Jan. 5, 2007— -- Have you heard the one about the feather and the toothpaste? What about Saran-Wrapping the toilet seat? Or how about short-sheeting a bed?
Traditionally, the practical joke has been a rite of passage for high school seniors and college students with too much time on their hands.
Who doesn't have a friend of a friend who's cousin's half-sister's boyfriend pulled off a really great prank? But how many of us have actually been involved in one?
As it turns out, high schoolers and college students aren't the only ones who enjoy the secrecy, the intricate planning and the thrill of fleecing our families, friends and co-workers.
Millions of people, from 19-year-olds to 92-year-olds, tune in to television shows like the TV classic "Candid Camera" and MTV's updated celebrity version, "Punk'd," just to see strangers making fools of themselves.
Now, thanks to the Internet, Web sites such as YouTube and Flickr, homemade videos or photos of pranks can be made instantly available to a huge, international audience.
Scott Ableman, who works for a Washington D.C.-area Internet company, InPhonic, found out just how "viral" a good practical joke can be.
One ordinary Friday last month, Ableman and a dozen of his co-workers snuck out to the parking garage and covered another colleague's prized Jaguar in Post-it notes. Always parking his Jag in a faraway corner "so not to be hit or dinged," Walt, the owner of the Jaguar, was an obvious target.
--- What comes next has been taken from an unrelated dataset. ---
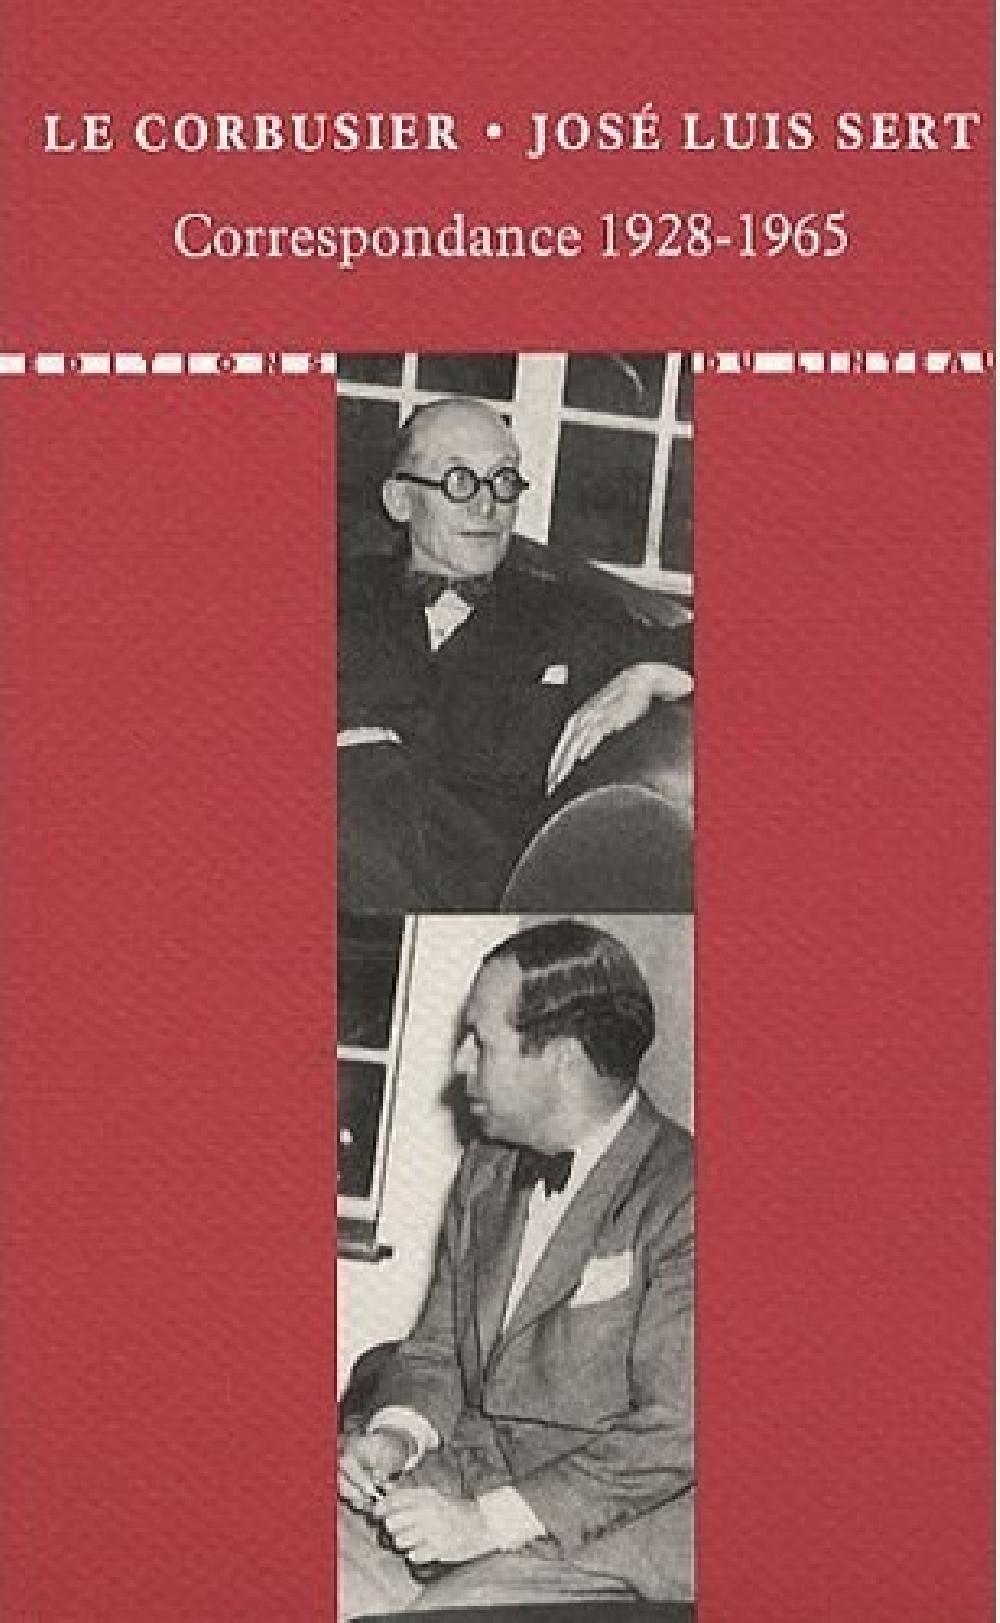 Le Corbusier - José Luis Sert

"We work hard and play hard at InPhonic," said Ableman, in an interview with ABC News. "Practical jokes are kind of a tradition at our company. ... It had to be done."
Two hours and 14,000 magenta, lime-green, neon-yellow, purple and electric-blue Post-its later, not one inch of the car was left bare.
"It looked like a piñata when we were all done," said Ableman. With its pink wheels, yellow lights, purple hood, blue trunk and mismatched body panels, you'd think Ableman and his crew had had it all planned out.
"It wasn't a plan at all," said Ableman. "We just got a lot of different colored Post-it notes, and then one person decided to make some tires pink and other people copied that and then we decided to make the moon roof and body panels different colors. In the end, it looks like a pretty nice design."
So how did Walt, the owner of the Jaguar, react when he saw his adored auto covered in thousands of sticky pieces of paper? "He didn't think it was his own," said Ableman. "He said, 'Where did my car go?!'"
Fortunately, Walt was a good sport. He got such a kick out of it that "he decided his kids had to see it and peeled off only the Post-it notes on the windows and drove off," said Ableman.
Ableman and his cohorts decided to document the experience, taking pictures of the final product, and posting them on Flickr, a popular photo sharing Web site. "We originally hoped to take photos and put them on the Internet, because we thought that would be a fun way for [Walt] to discover it for the first time."
Although Walt never saw the photos of his car on the Internet, many bloggers and Internet junkies did. "The photos just took off," said Ableman. "The blogosphere has picked up on it and, as of today, according to Flickr, the photos have had more than 150,000 views. We've seen links to these photos on Web sites all over the country, [and in] Spain, France, Germany, the Netherlands, all over the world."
Ableman can hardly believe the overwhelming response these photos. "I work for an Internet company, but I've never experienced anything like this," he said. "E-mails flying constantly. It's quite a distraction actually."
But don't think Ableman's sudden online success has gone to his head. "A lot of people try to create something viral and you know it. You can smell it as soon as it happens," he explained. "And then, when you're not trying at all, something like this just blindsides you, and that's one reason the Internet is so wonderful. True democracy," said Ableman.